■ **Action item**
If pictures appear, leave them out, and return exactly the lines from the one holding "Hakiki Deri Kadın" through the last line of the listing below.

Segment Open

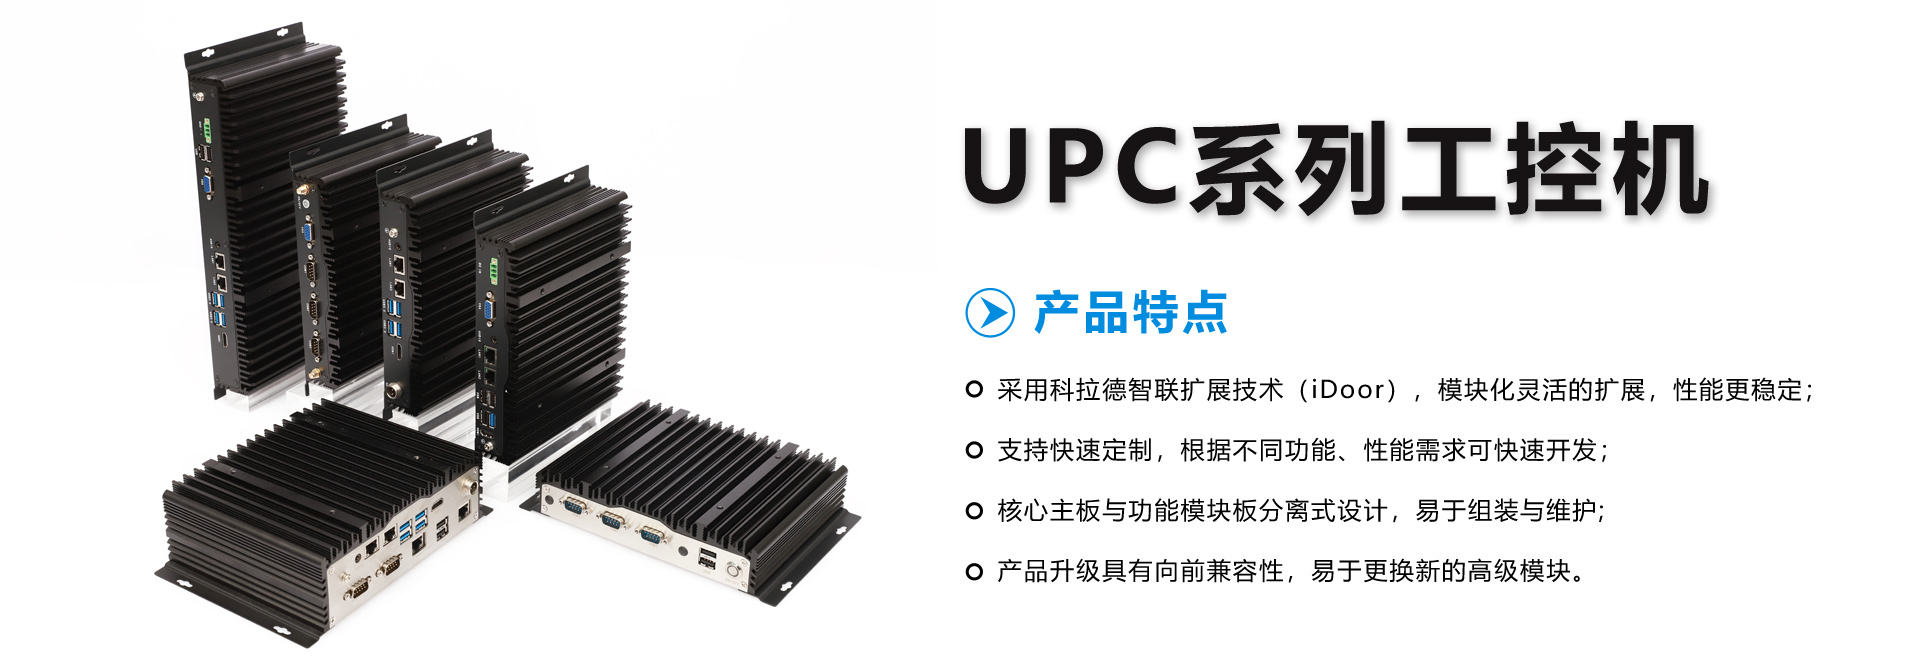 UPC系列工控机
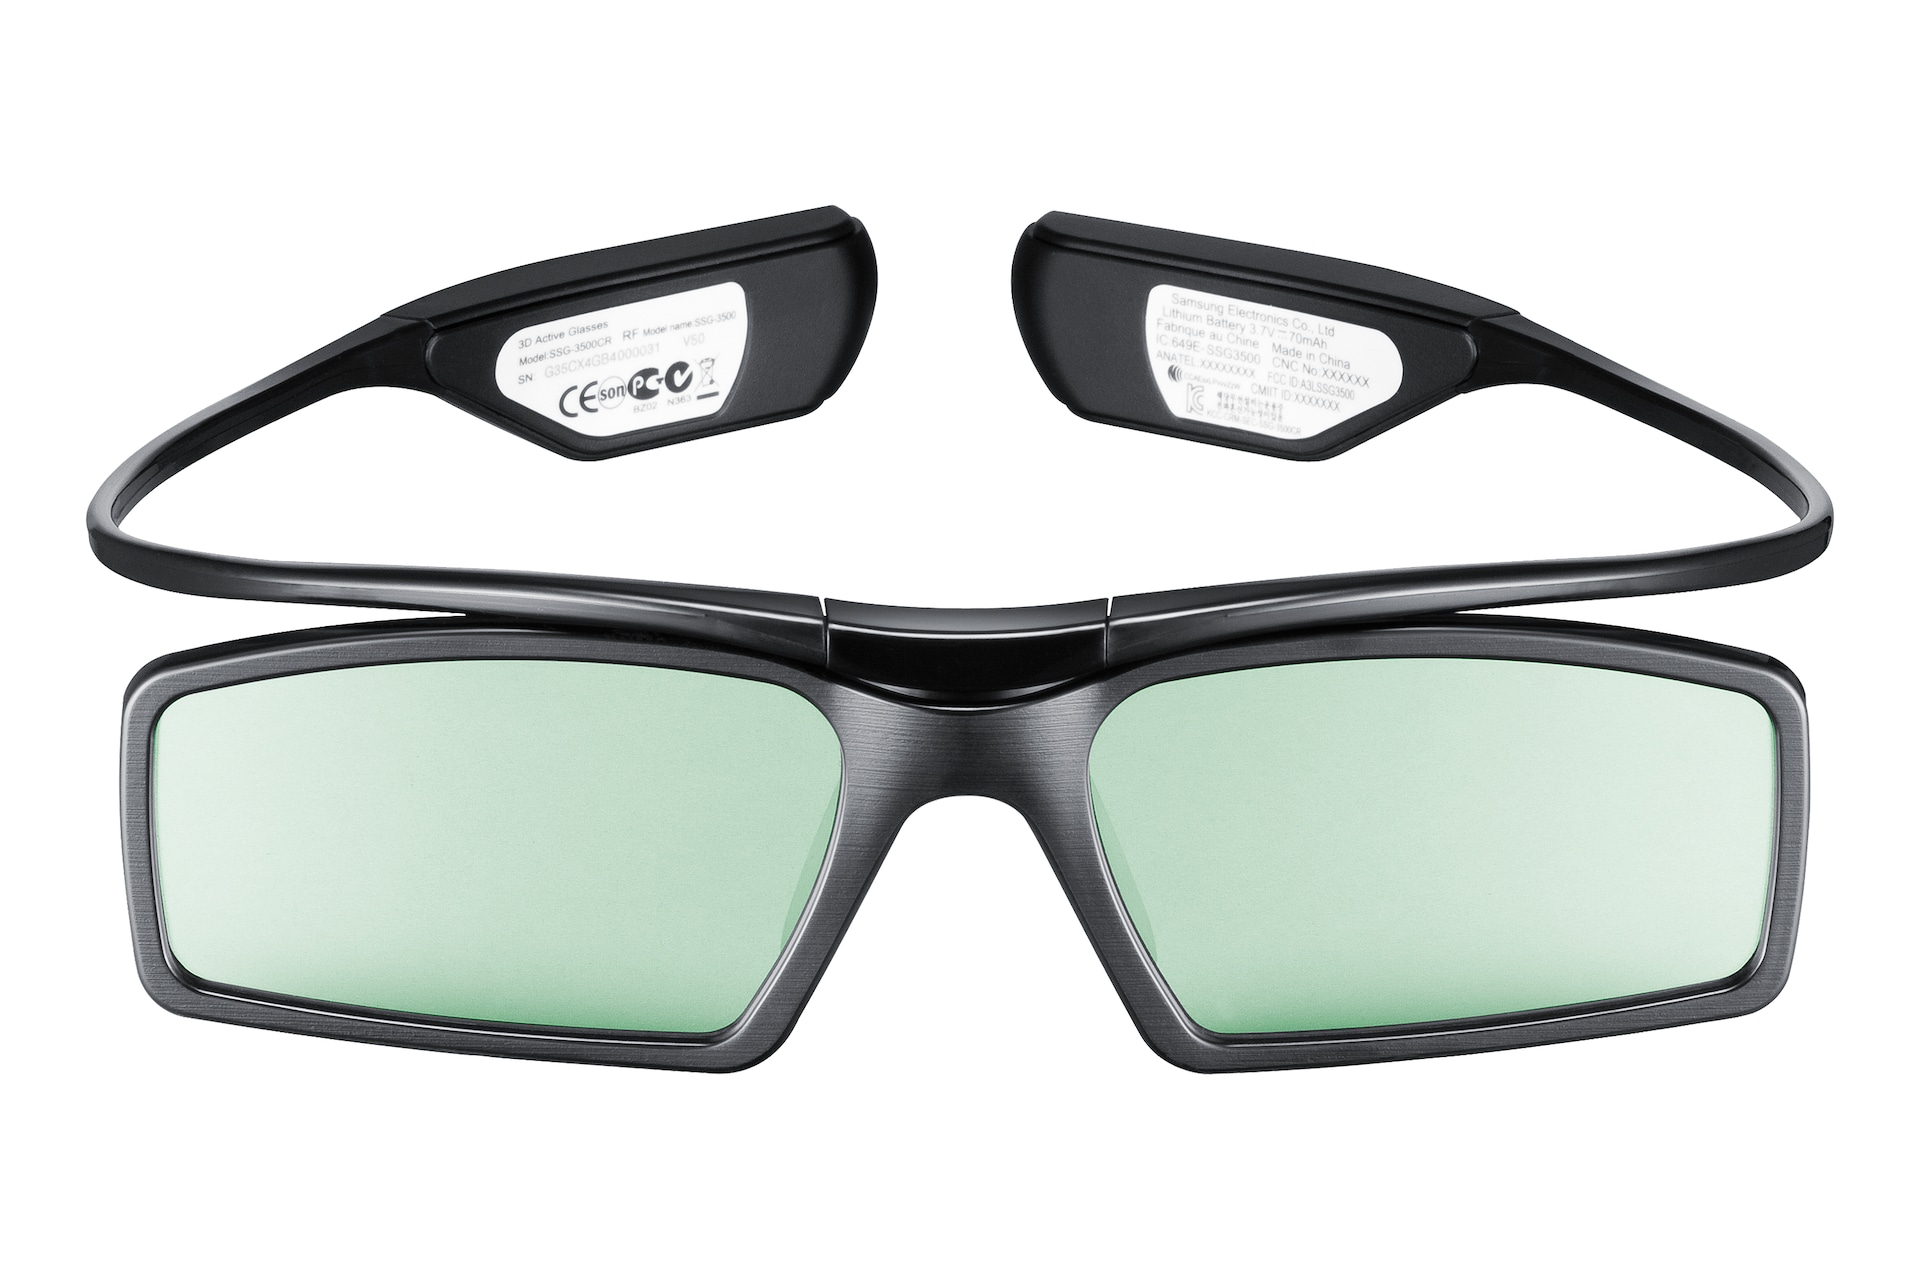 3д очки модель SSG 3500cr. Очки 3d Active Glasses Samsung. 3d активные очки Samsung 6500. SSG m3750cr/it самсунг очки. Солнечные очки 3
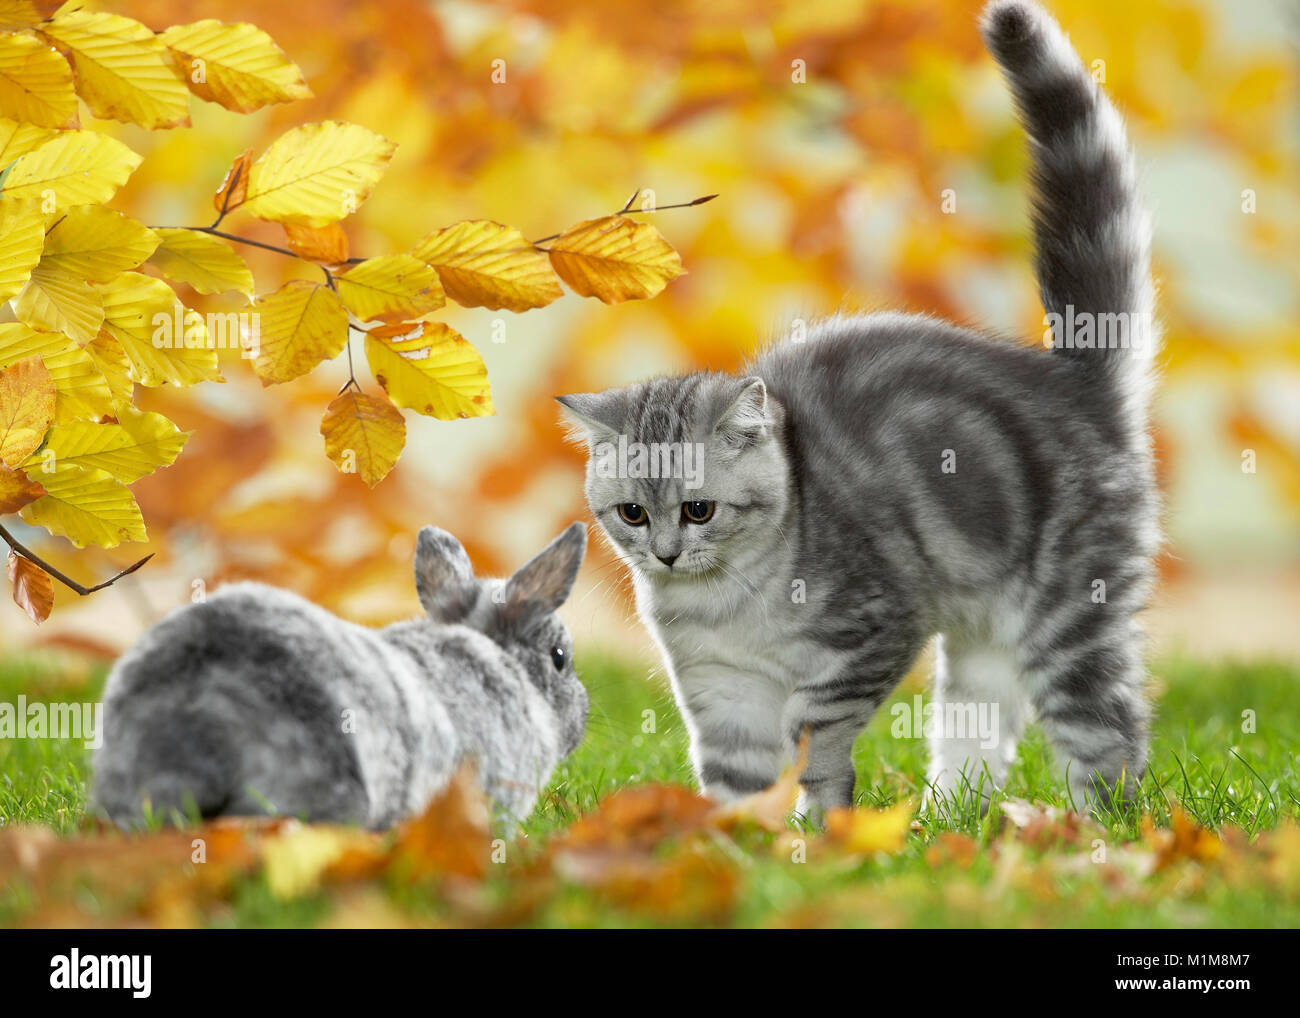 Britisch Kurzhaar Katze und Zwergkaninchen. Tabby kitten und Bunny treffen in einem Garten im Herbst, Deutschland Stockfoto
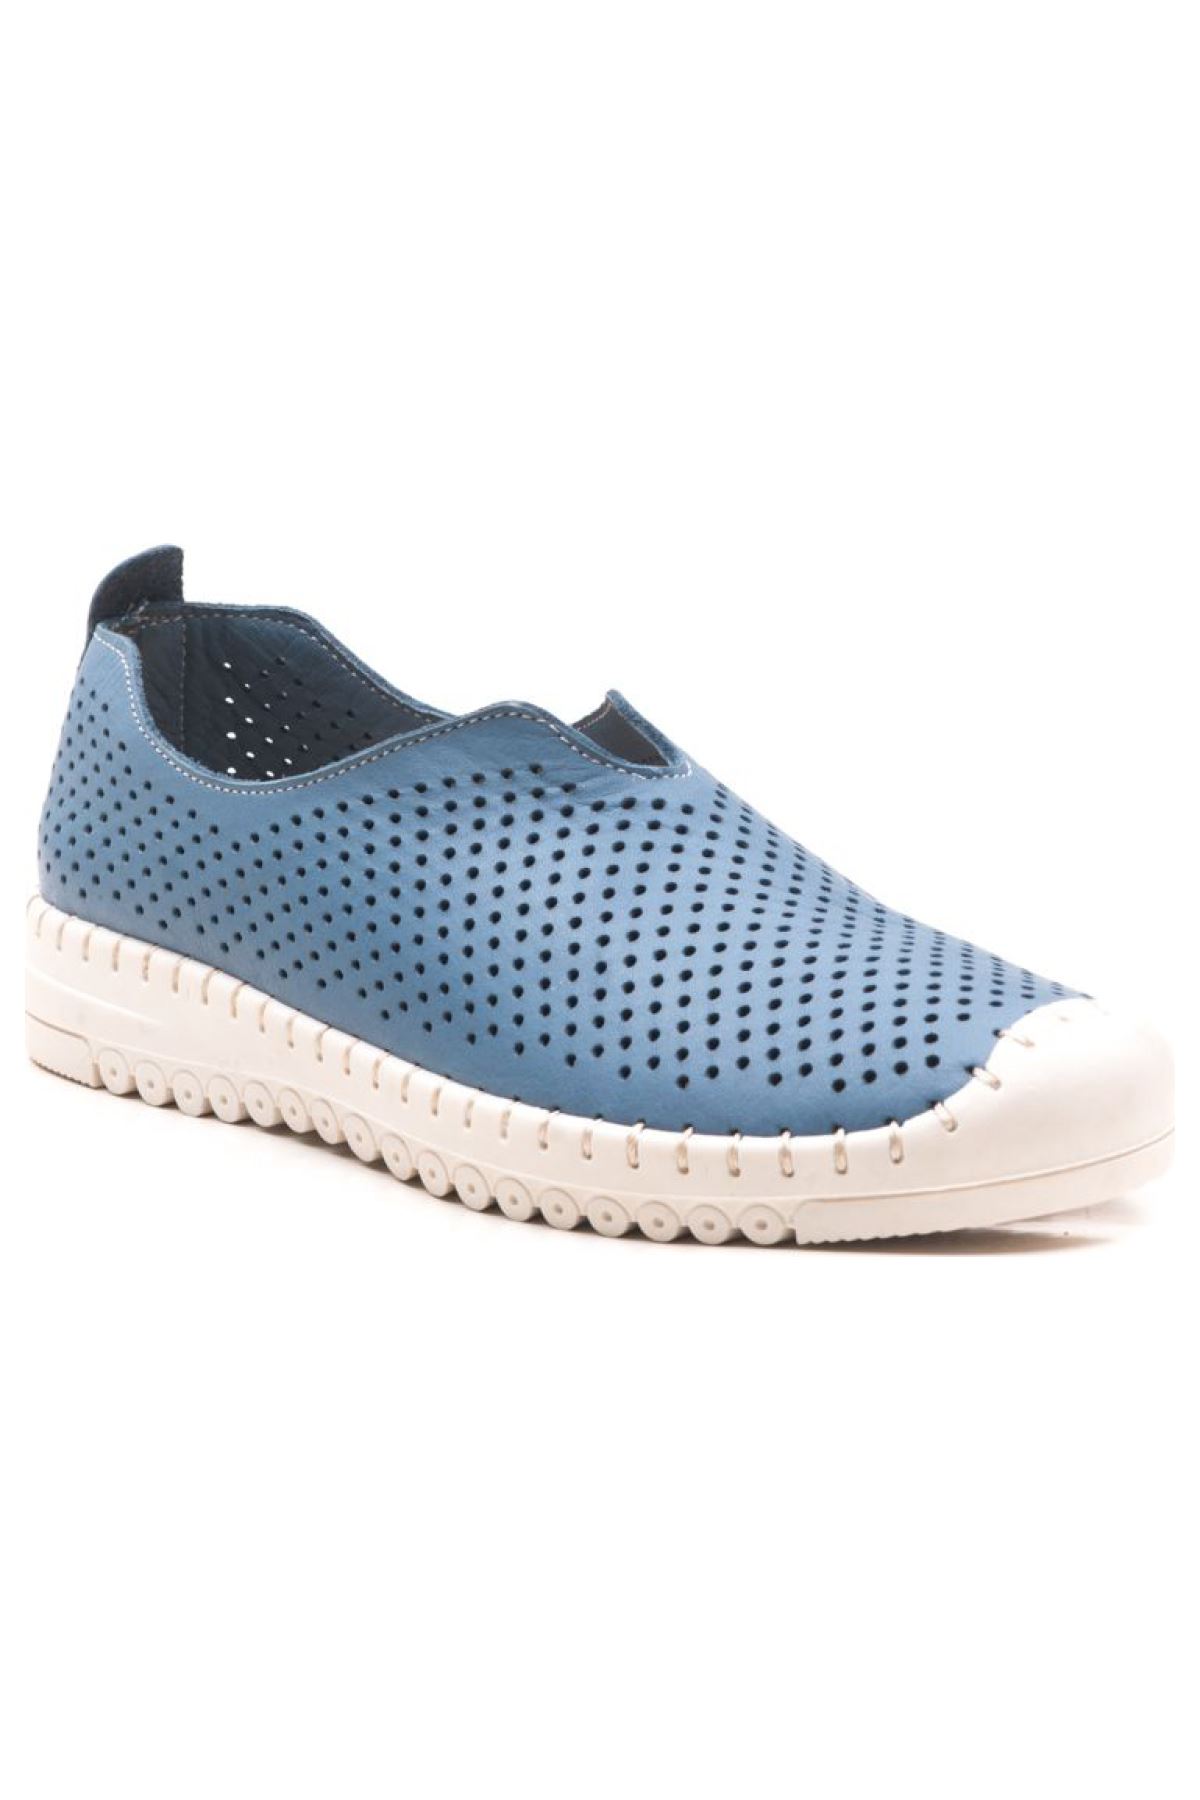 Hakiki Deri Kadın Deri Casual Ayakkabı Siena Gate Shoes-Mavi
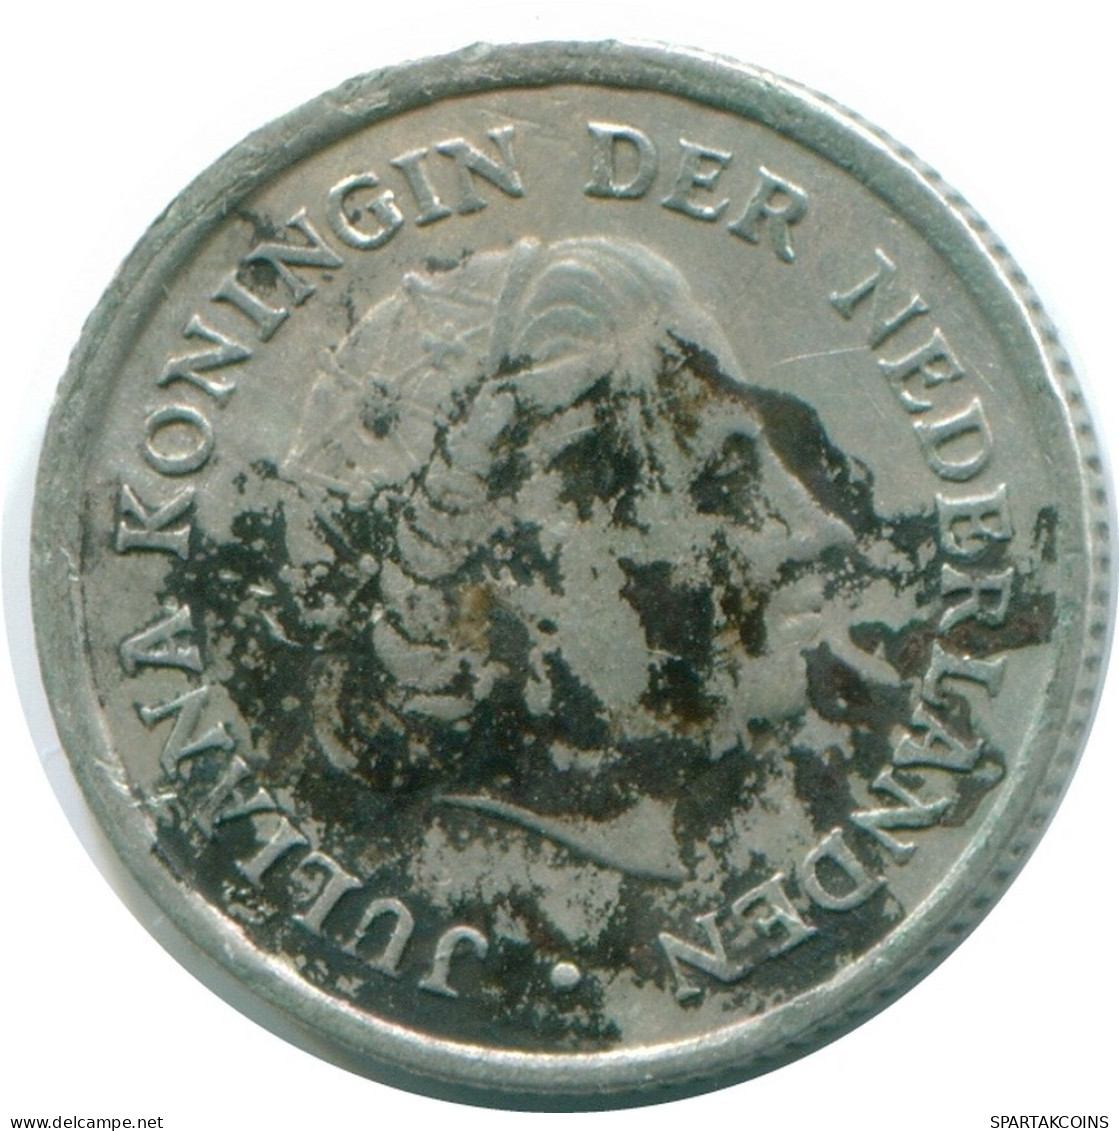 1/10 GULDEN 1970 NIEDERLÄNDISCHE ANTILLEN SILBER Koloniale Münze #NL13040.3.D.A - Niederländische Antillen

Segment Closed

■ **Task result**
 Hakiki Deri Kadın Deri Casual Ayakkabı Siena Gate Shoes-Mavi
 1/10 GULDEN 1970 NIEDERLÄNDISCHE ANTILLEN SILBER Koloniale Münze #NL13040.3.D.A - Niederländische Antillen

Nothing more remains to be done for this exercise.